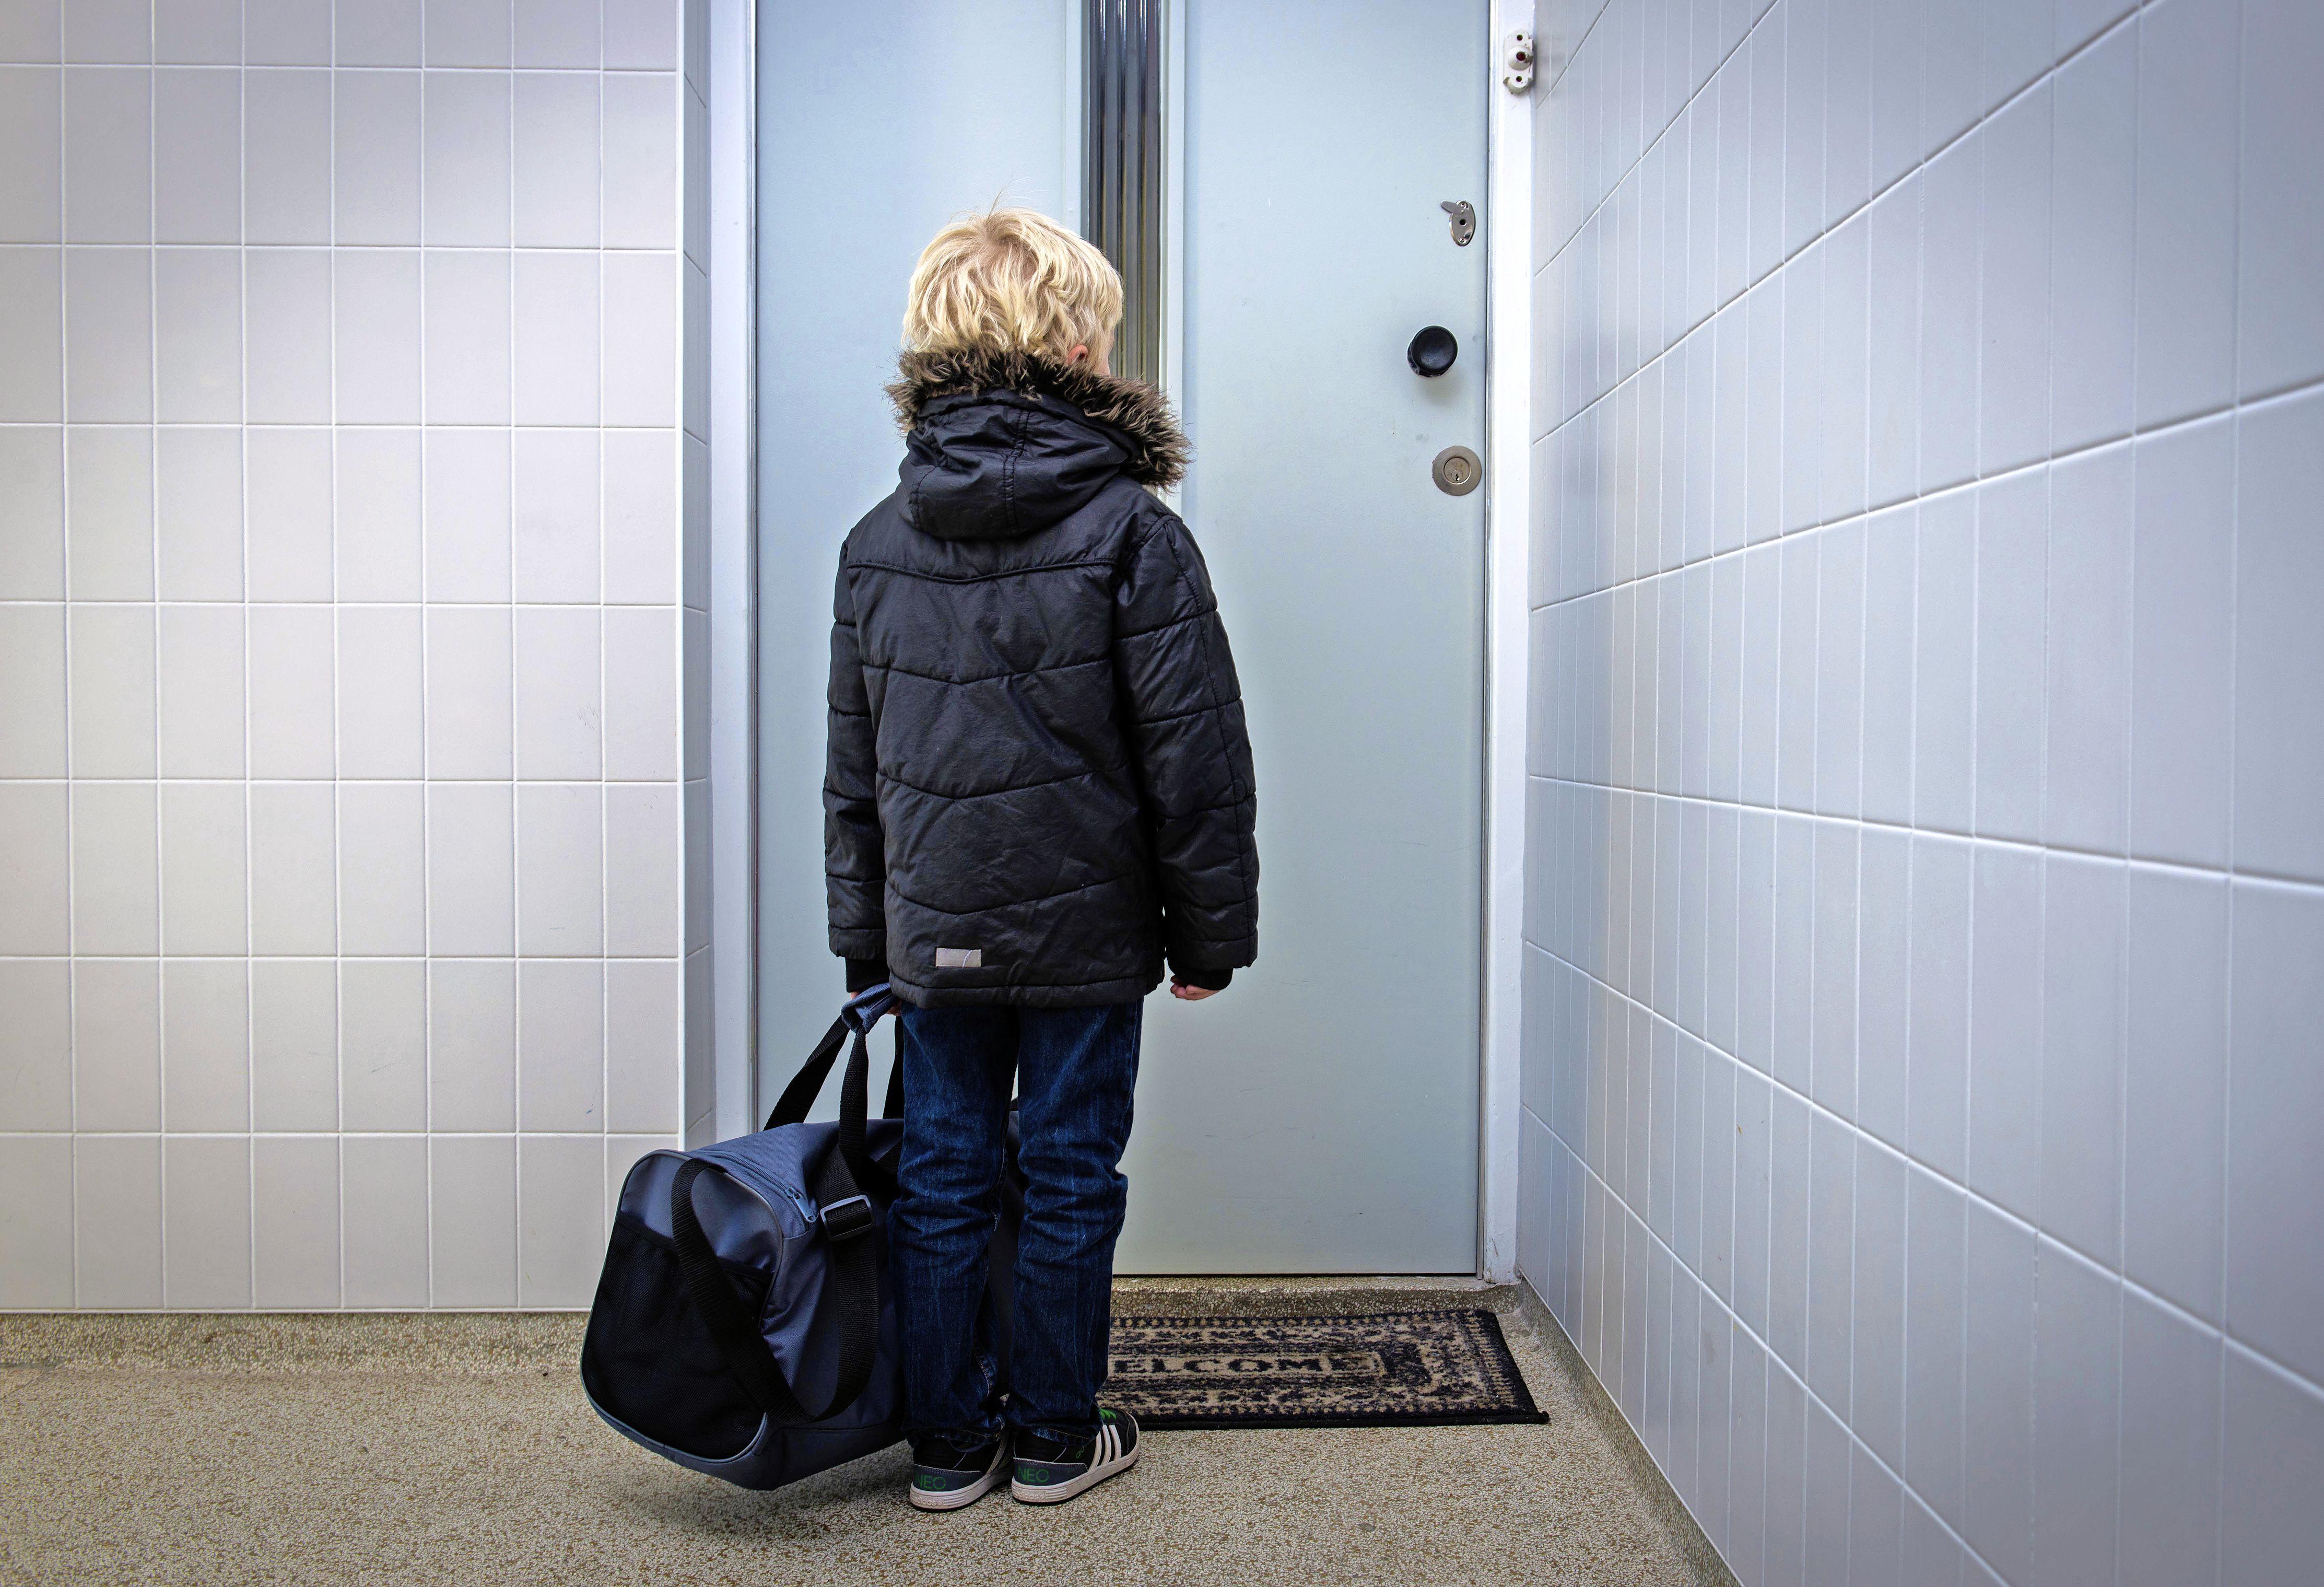 Wachtlijst jeugdzorg Eemnes kan wachten tot na de zomer; Raadsmeerderheid wil betere invulling specialistische zorg
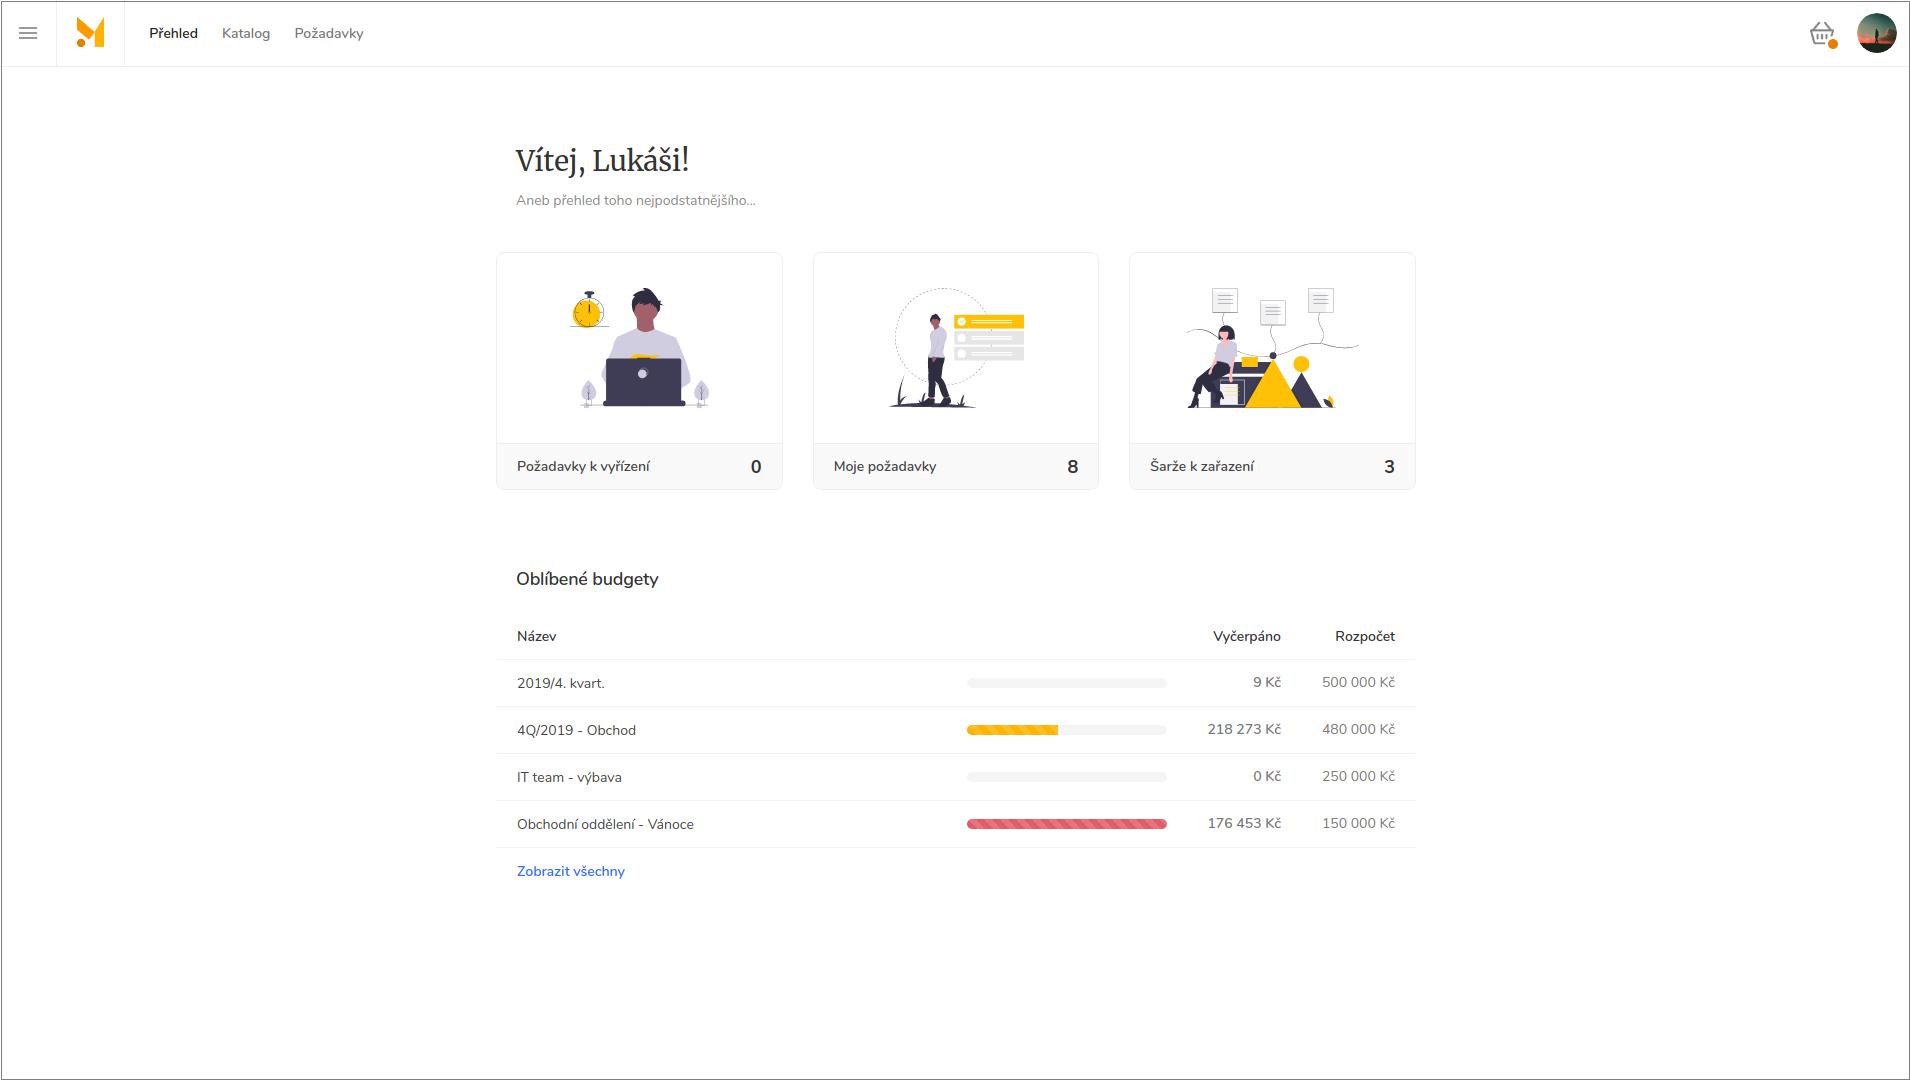 Úvodní dashboard ukazuje přehled nejdůležitějších informací – čerpání z nadefinovaných budgetů, požadavky k vyřízení, nové položky v katalogu, apod.
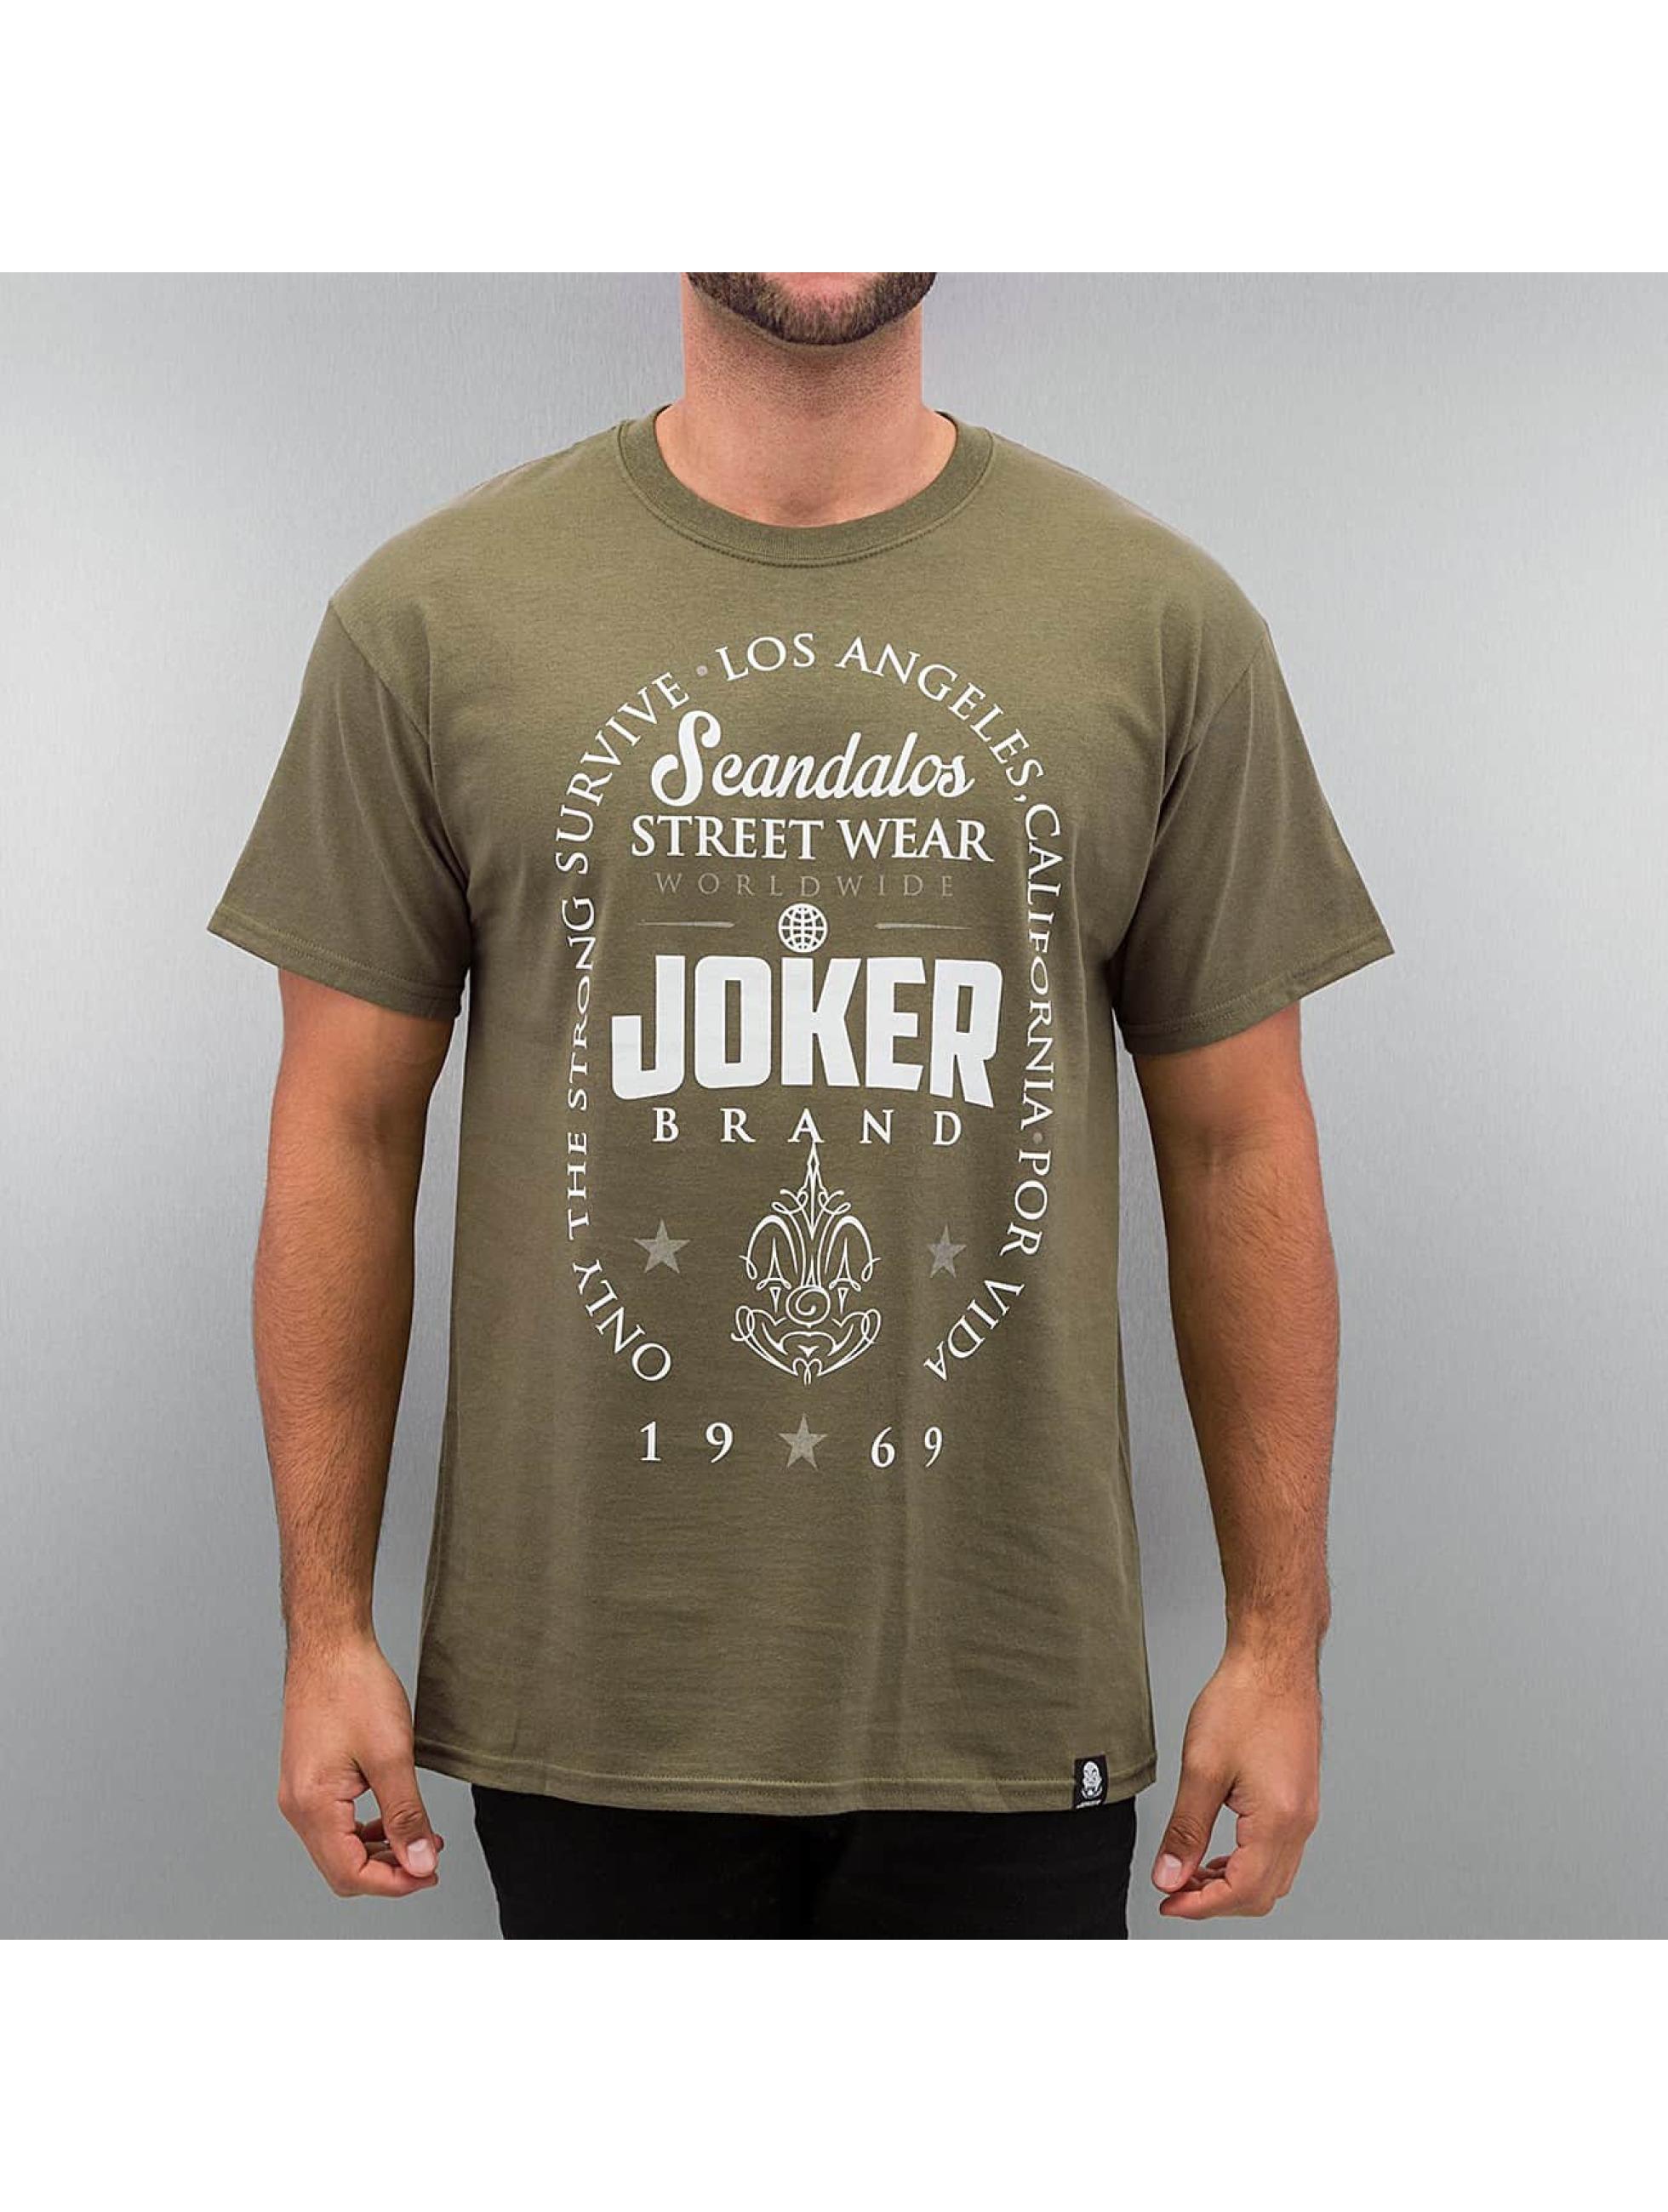 Joker T-paidat Scandalos oliivi

◆ **What to do**
Your copy should consist only of the lines from the line holding "Úvodní dashboard ukazuje" through the final line of the listing above, both included, with all pictures omitted.

◆ **Exercise solution**
 Úvodní dashboard ukazuje přehled nejdůležitějších informací – čerpání z nadefinovaných budgetů, požadavky k vyřízení, nové položky v katalogu, apod.
 Joker T-paidat Scandalos oliivi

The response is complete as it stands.